I’m not going to focus too much of all of the specific things that you can do with Honeycomb, check out their marketing material for that. Instead I will focus on overall impressions of their offerings as well as specific complaints that significantly address my usage of the product.

Disclaimer: I am currently using the free plan. Honeycomb has a generous forever-free plan with just a few features blocked off. I used a paid Honeycomb account a past workplace and we are considering using Honeycomb at my current workplace, but I don’t currently have a paid account to test if any of my complaints are free-only problems. I don’t think they are, but I can’t be sure.

What is Honeycomb?

Honeycomb is an application visibility tool. Its goal is to let you understand what is happening in your running application. It does this via “event-based observability”. Basically structured log messages. You post Honeycomb a bunch of events and it allows you to use that data to derive information.

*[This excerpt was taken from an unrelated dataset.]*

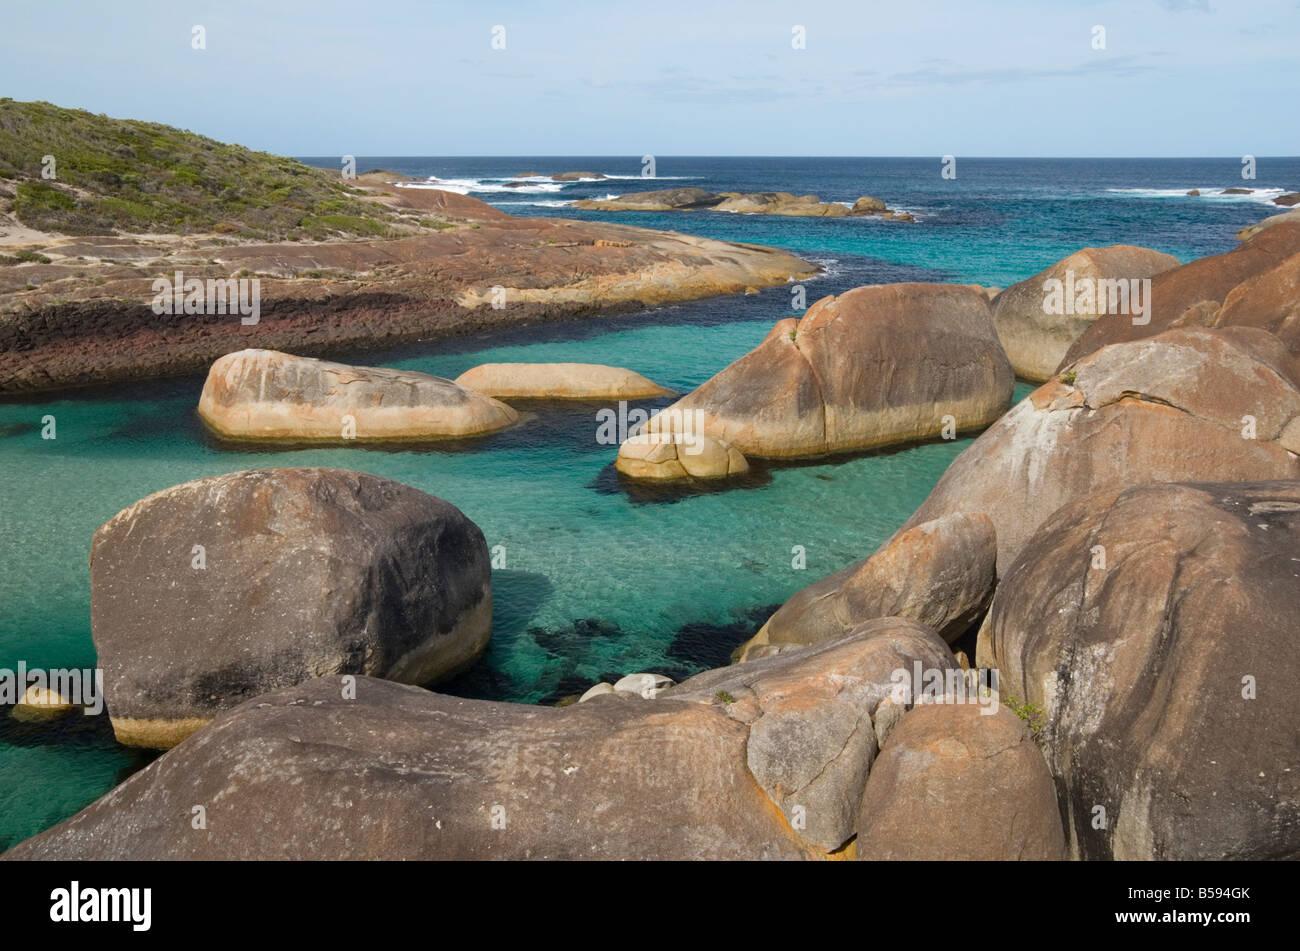 Elephant Rocks in Elephant Cove, William Bay, Western Australia - Stock Image

For example if for every HTTP request my application receives I post an object like this to Honeycomb:

{
	"duration_ms": 1.23,
	"http.method": "GET",
	"http.request.header.origin": "https://example.com",
	"http.request.header.referer": "https://example/subscriptions",
	"http.status_code": 200,
	"http.target": "/subscriptions/:id",
	"http.user_agent": "Mozilla/5.0 (X11; Linux x86_64; rv:101.0) Gecko/20100101 Firefox/101.0",
	"message_id": "teeZei5o",
	"timestamp": "2022-06-20T11:45:29.191127734Z",
}

Then I can produce nice graphs of the most popular endpoints on my site.

graph and table of requests

But this is just the basics. The main benefit of Honeycomb is that the data isn’t pre-aggregated. So we can dig into the raw information as well as decide what aggregations are helpful on-the-fly. We can see any specific request and dig into it, which is invaluable for debugging low-frequency errors or trying to understand the impact caused by a specific problem.

Honeycomb also provides basic dashboarding where you can put charts and tables onto a page. You get to choose between a one or two column layout and that is about it. There is also simple sharing support. While very basic, the dashboards serve their purpose well as a way to collect and organize your favourite visualizations.

Intro to Tracing

Simply getting individual events is nice, but it can be hard to understand exactly what occurred. The step from logs to tracing is small, but critical. We just add a few attributes to our events (which are now called spans).

trace.trace_id
This is the “trace” that this event is a part of. This is typically a logical event such as a web request or a periodic job starting. It is used to collect related spans together.
trace.span_id
This is the ID of the specific span. This is used for identifying spans within a trace.
trace.parent_id
This is the ID of the span directly causal to this one.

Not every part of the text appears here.